REMEMBERING ANN HOLUB

Bloomington-Normal’s first female disc jockey

With almost no public notice until a delayed obituary appeared, Ann Holub died in Bloomington on March 8, 2023. To Baby Boomers who wore braces on their teeth, the Holub name was familiar. Ann’s father, Dr. John Holub, was one of the Twin Cities’ best known dentists and orthodontists in the fifties and sixties.

The Holub family – Dr. John, wife Vivian, and daughters Ann and Ruth, lived in Bloomington’s South Hill neighborhood at 1109 South Main Street. By today’s standards it would be considered an unpretentious location for a dentist to live. Joan Ann Holub was a 1955 graduate of University High School but she always used her middle name, not her first.

Left: Ann Holub as a Realtor in 1985. Weaver Associates photo. Center: Ann as a golfer on the sports page. From Pantagraph Archives. Right: Ann was a drummer in an all-girl band as a teenager. Pantagraph Negative Collection, courtesy McLean County Museum of History

She attended college at Lindenwood in St. Louis, Illinois Wesleyan University and Northwestern University at Evanston. Her first profession was medical technology, a line of work she eventually abandoned for the less-financially secure jobs offered by radio stations,

A medical technologist is often the person called on to draw patients’ blood in a doctor’s office, clinic or hospital, and later to perform the lab work in search of signs of poor health. They are smart people and the job requires training and state certification.

But Ann had always felt the call of the microphone and sought to be a journalist. So she made a career change, went to broadcasting school and found herself on the radio at WEIC in Charleston.

The Charleston job lasted until a position opened at WJBC in Bloomington in 1972. When she was hired there, she made history as the first female disc jockey in the Twin Cities. Along with playing records, she also wrote and delivered news on the air. One of the men on the air staff objected to women reading the sportscasts, but she sometimes found a way to work in a mention of the Chicago Cubs.

“Ann was like more than a few radio people,” recalls former WJBC morning personality and co-worker Don Munson in a recent email: “bubbly on the air, reserved, quiet and a bit introverted off the air… she produced a friendly upbeat music show, clearly loving the 45’s she was spinning.”
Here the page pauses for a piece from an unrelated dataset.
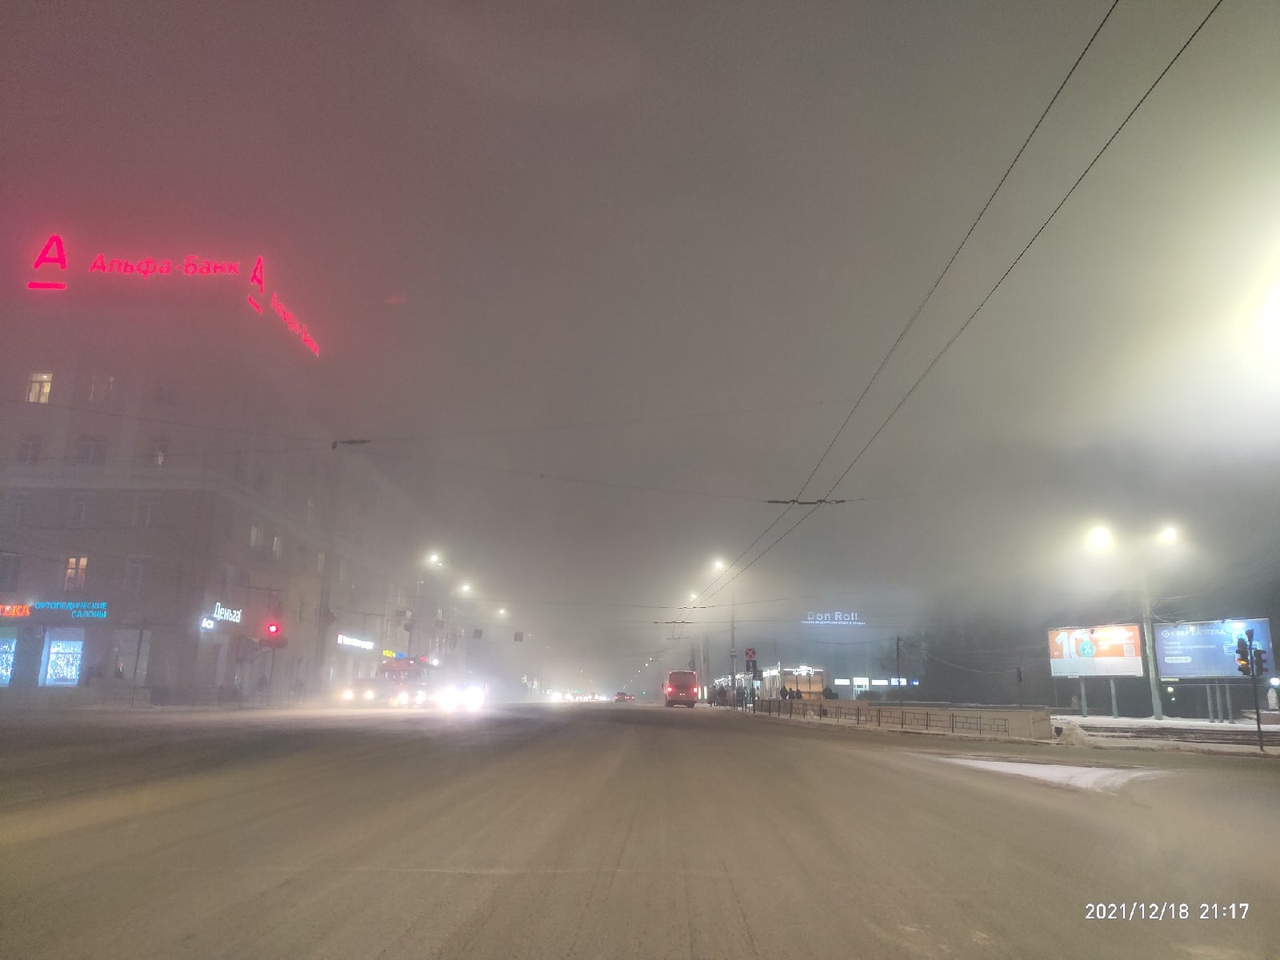 Омичи делятся завораживающими снимками тумана, окутавшего город #Омск #Общество #Сегодня

In later years she talked with your editor of the fun she had broadcasting in her own home town. But eventually she packed her professional bags and took a job at WIRL Radio in Peoria. It was a Top 40 format station in the seventies, and Ann is still remembered as one of the air staff in a Wikipedia article. Of the nineteen WIRL announcers mentioned, Ann Holub stands out as the only woman.

In time, Ann returned home and sold real estate for several years. She also emerged as a great golfer but not as good, she would say, as her mother Vivian. However during the golf season, both Ann and Vivian would appear at or near the top of the leader boards of local women’s golf tournaments.

Ann beat cancer in the early nineties, but the treatment damaged her kidneys and her health began a slow decline. She began dialysis in November of 2022 but in the end she died of COVID, according to her obituary. She was 86 years old.

The Holub family is buried together at Park Hill Cemetery: Dr. John, with Vivian, Ann, and her sister Ruth (also a COVID victim). Ann Holub’s last putt is long since sunk, and her last real estate deal long since closed. Half a century after she first hit local airwaves, Don Munson writes: “She had voice, enthusiasm and timing to land a job in a larger market than B-N but she never seemed to aspire to that. We were glad to have her on JBC in the 1970s!”

While Ann Holub was a trailblazer, at least one notable woman held sway at WJBC a decade earlier. Flo Armstrong co-hosted a daily one-hour program with newcomer Lanny Larason. They focused on talk and interviews but they weren’t disc jockeys. Larason eventually went to a station in Boston and Mrs. Armstrong later hosted a show on the old WIOK, which later became WAKC before it went off the air for good.